Task directions
Please print the entries below exactly, from the line with "Diesel Wool and" through the line with "Drvena, PVC ulazna", including both of those lines and leaving out all others.

The data
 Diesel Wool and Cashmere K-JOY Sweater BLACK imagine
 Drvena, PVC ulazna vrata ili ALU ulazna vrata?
--
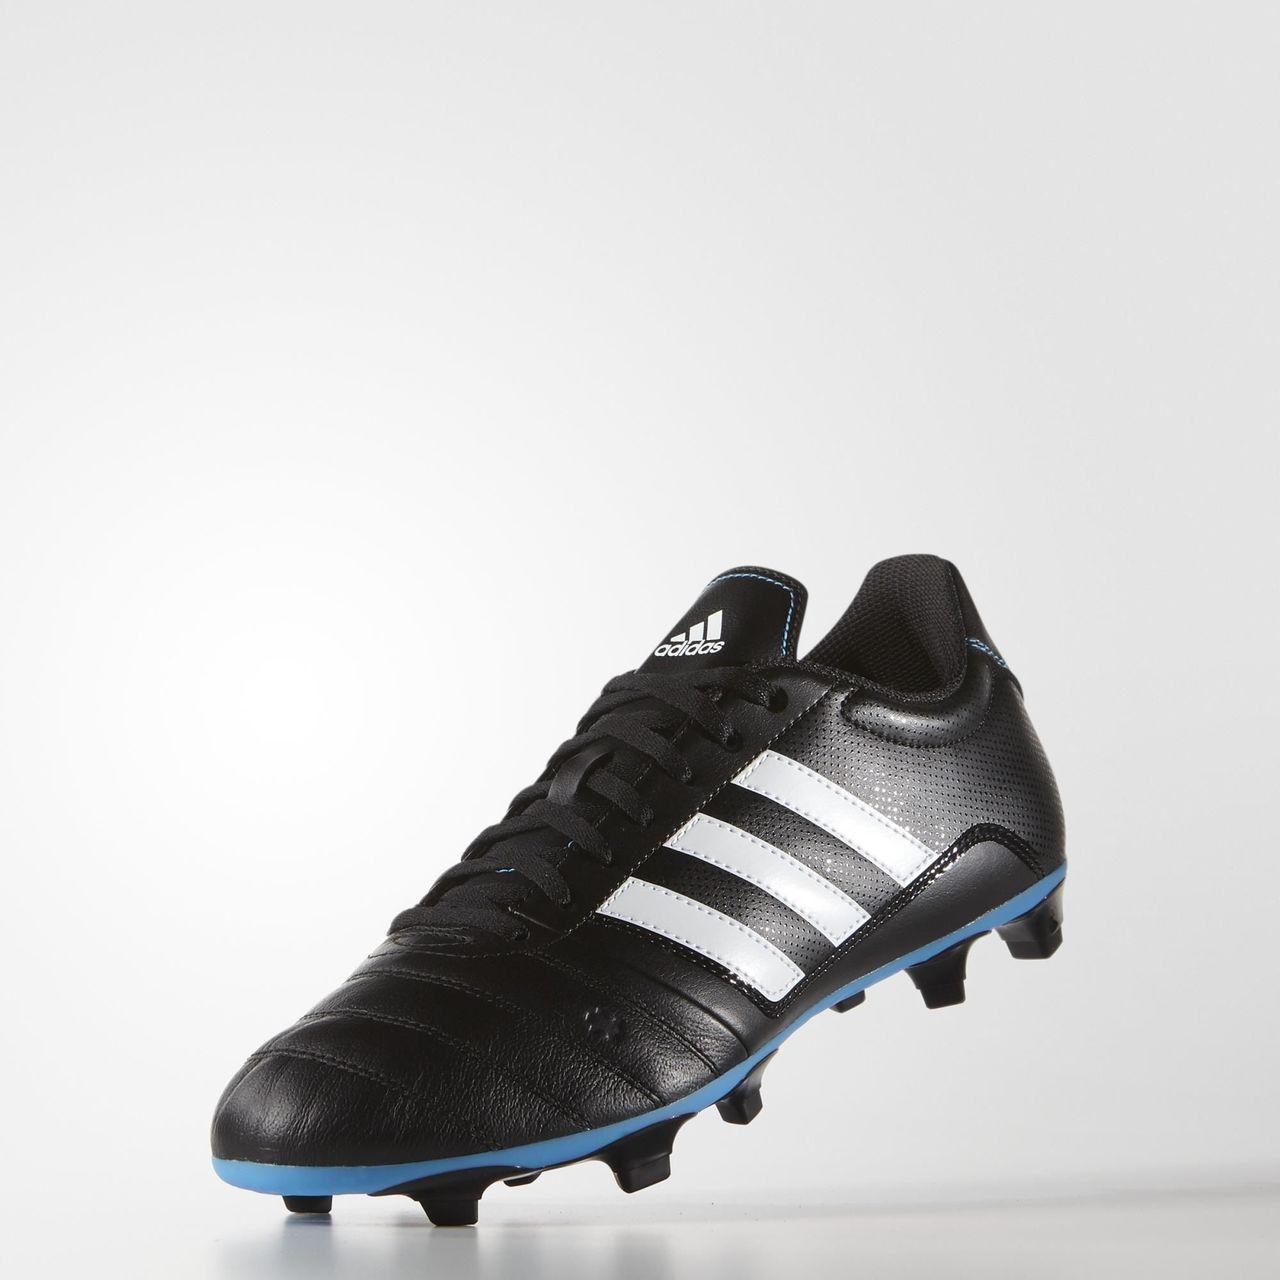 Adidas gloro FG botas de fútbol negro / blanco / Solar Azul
* * *
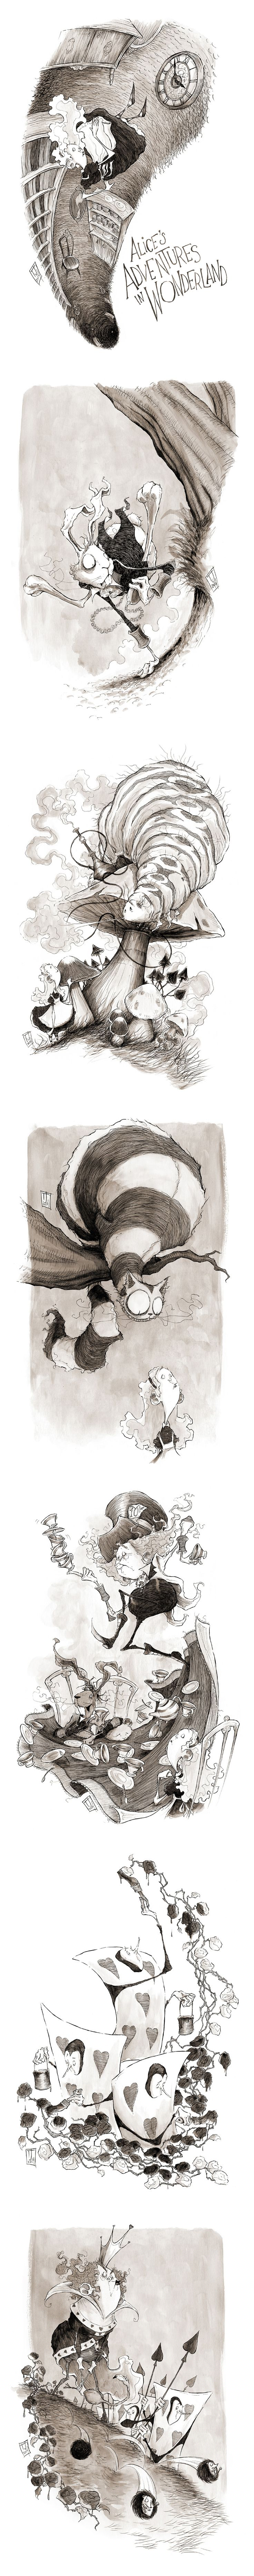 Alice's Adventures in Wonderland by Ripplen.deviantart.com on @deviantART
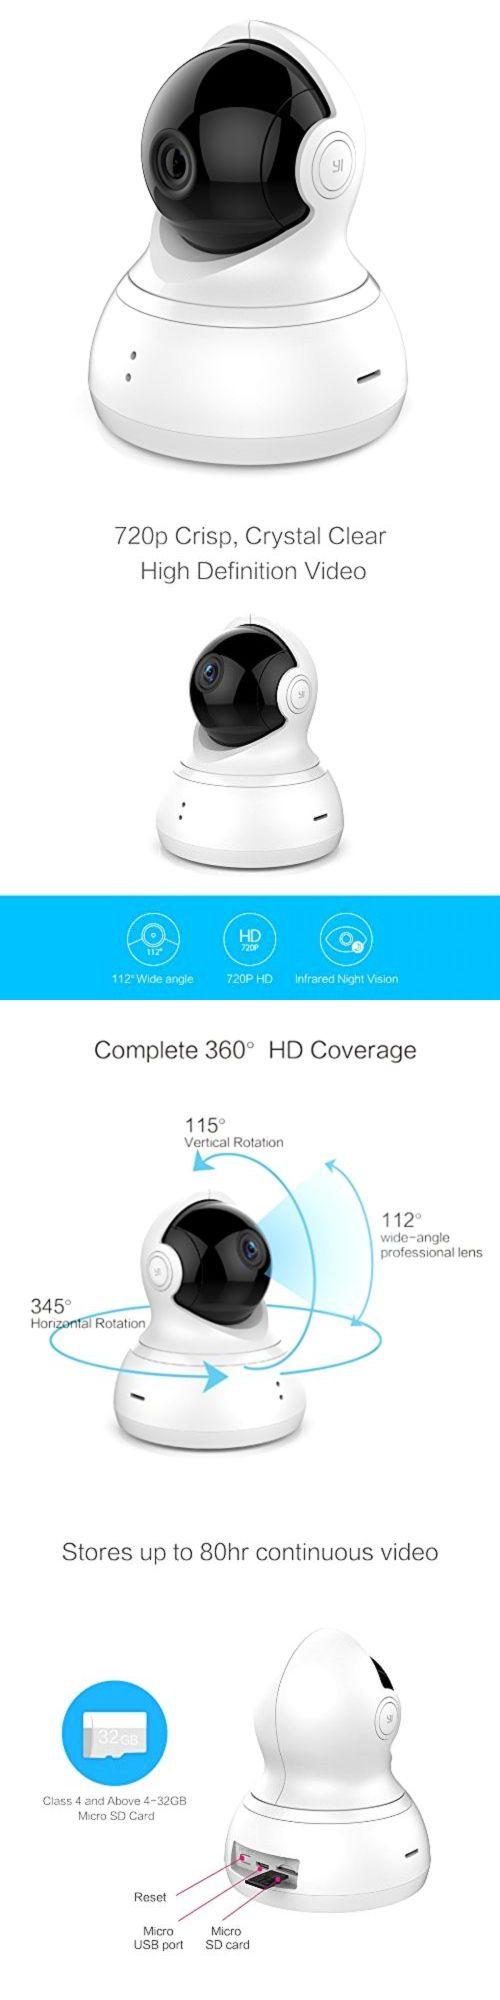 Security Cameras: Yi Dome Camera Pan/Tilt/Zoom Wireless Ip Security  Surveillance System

Task response
 Diesel Wool and Cashmere K-JOY Sweater BLACK imagine
 Drvena, PVC ulazna vrata ili ALU ulazna vrata?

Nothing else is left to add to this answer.